企画/輸送需要を見極めて、船をどこからどこへ向かわせるのか検討
営業/自動車メーカーなどのお客様に対して需要に応える輸送を提案、運賃の交渉など
運航/各船の船長に対して運航計画の指示、各港の代理店との連絡、船のスケジュール管理など

Oregon Highway

 

自動車の輸送は写真のような自動車専用船を使って行ないます。箱型の船の内部は屋内立体駐車場のようになっており、最大級の船は一度に7,500台の車を積むことが可能です。“K” Lineの自動車船は海の上で自動車を安全かつスピーディーに輸送すべく原則「○○Highway」という名前がついています。

Rockies Highway

 

船が港に到着すると積荷の自動車が岸壁に並んでいます。日本車を世界各地に運ぶのはもちろんのこと、日本を経由しない輸送も数多く取り扱っています。
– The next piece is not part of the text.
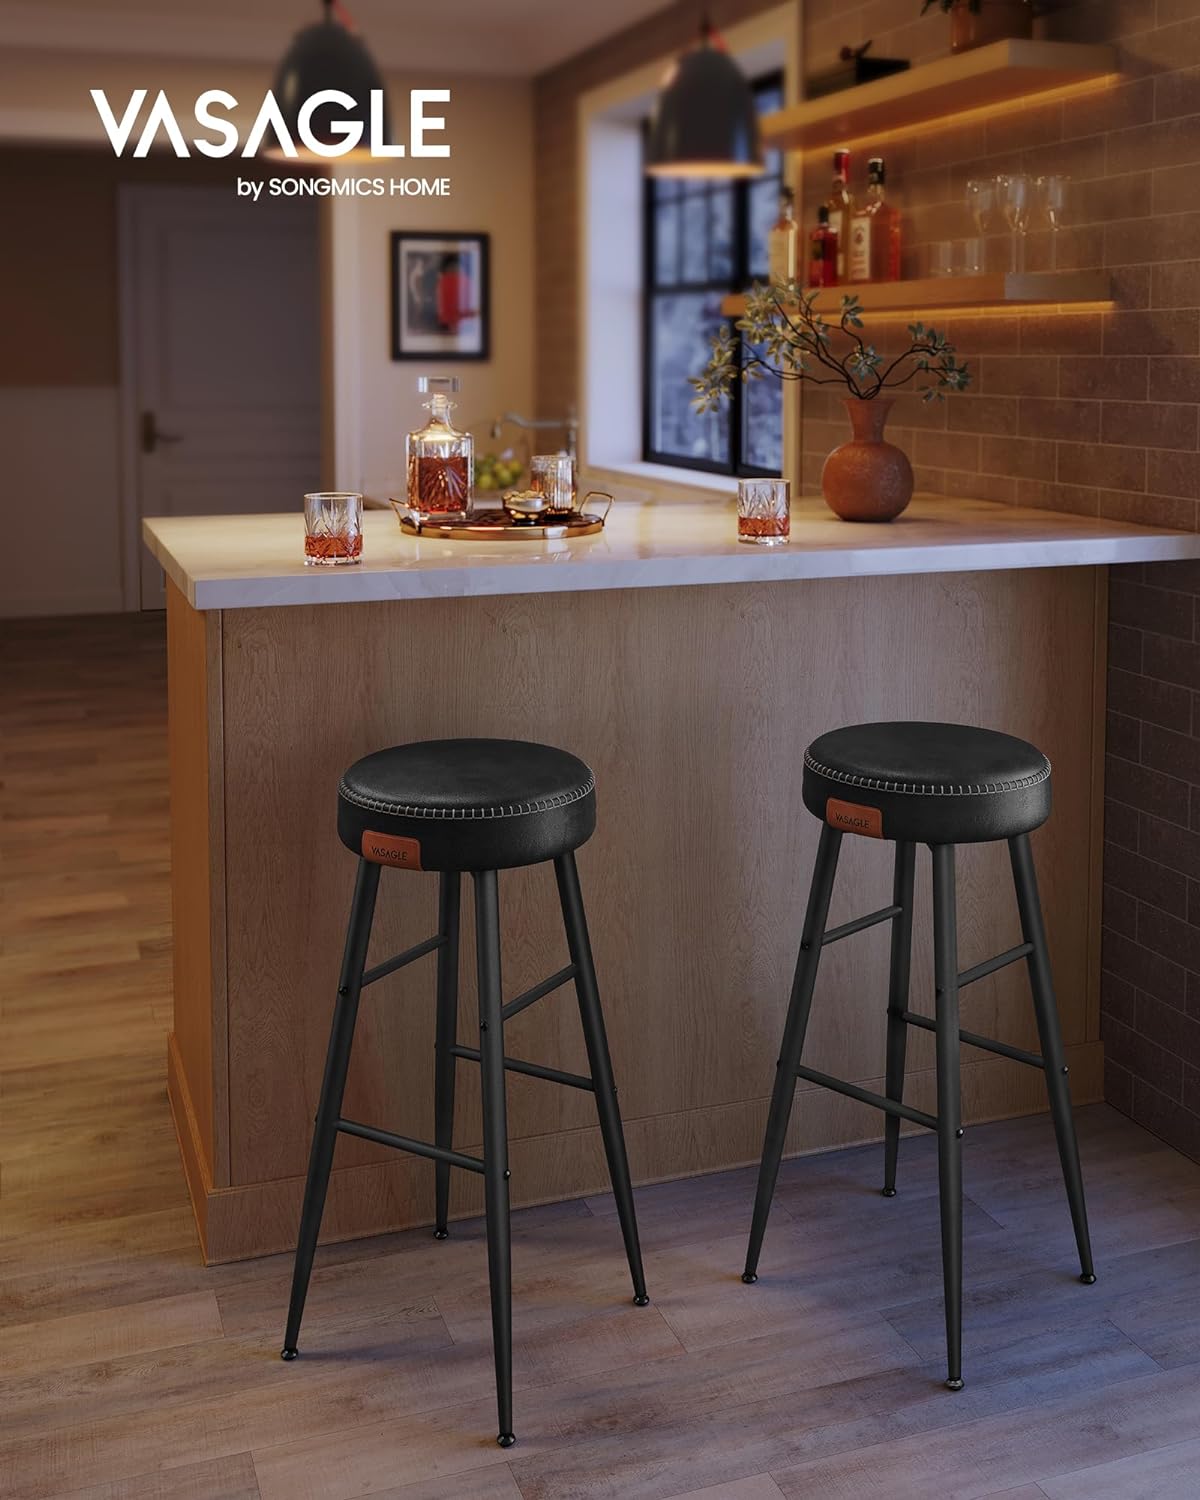 VASAGLE EKHO Collection - Bar Stools Set of 2, Kitchen Counter Stools, Breakfast Stools, Synthetic Leather with Stitching,

皆さんが世界各地で目にする車もこうした船に乗って遠い国から輸送されてきたものかもしれません。

Nippon Highway

 

停泊中の自動車船に次々と車が積み込まれます。大切なお客様の製品を傷つけることなく輸送するために自動車輸送には高度な品質管理が求められます。そのため自動車専用船による輸送を行う船会社は世界でも数社しかありません。

第10TOYOTA丸

 

“K” Lineは1970年に日本で初めて自動車専用船を建造、このとき命名された「自動車専用船(Pure Car Career)」という名称は、PCCという海運用語にもなっています。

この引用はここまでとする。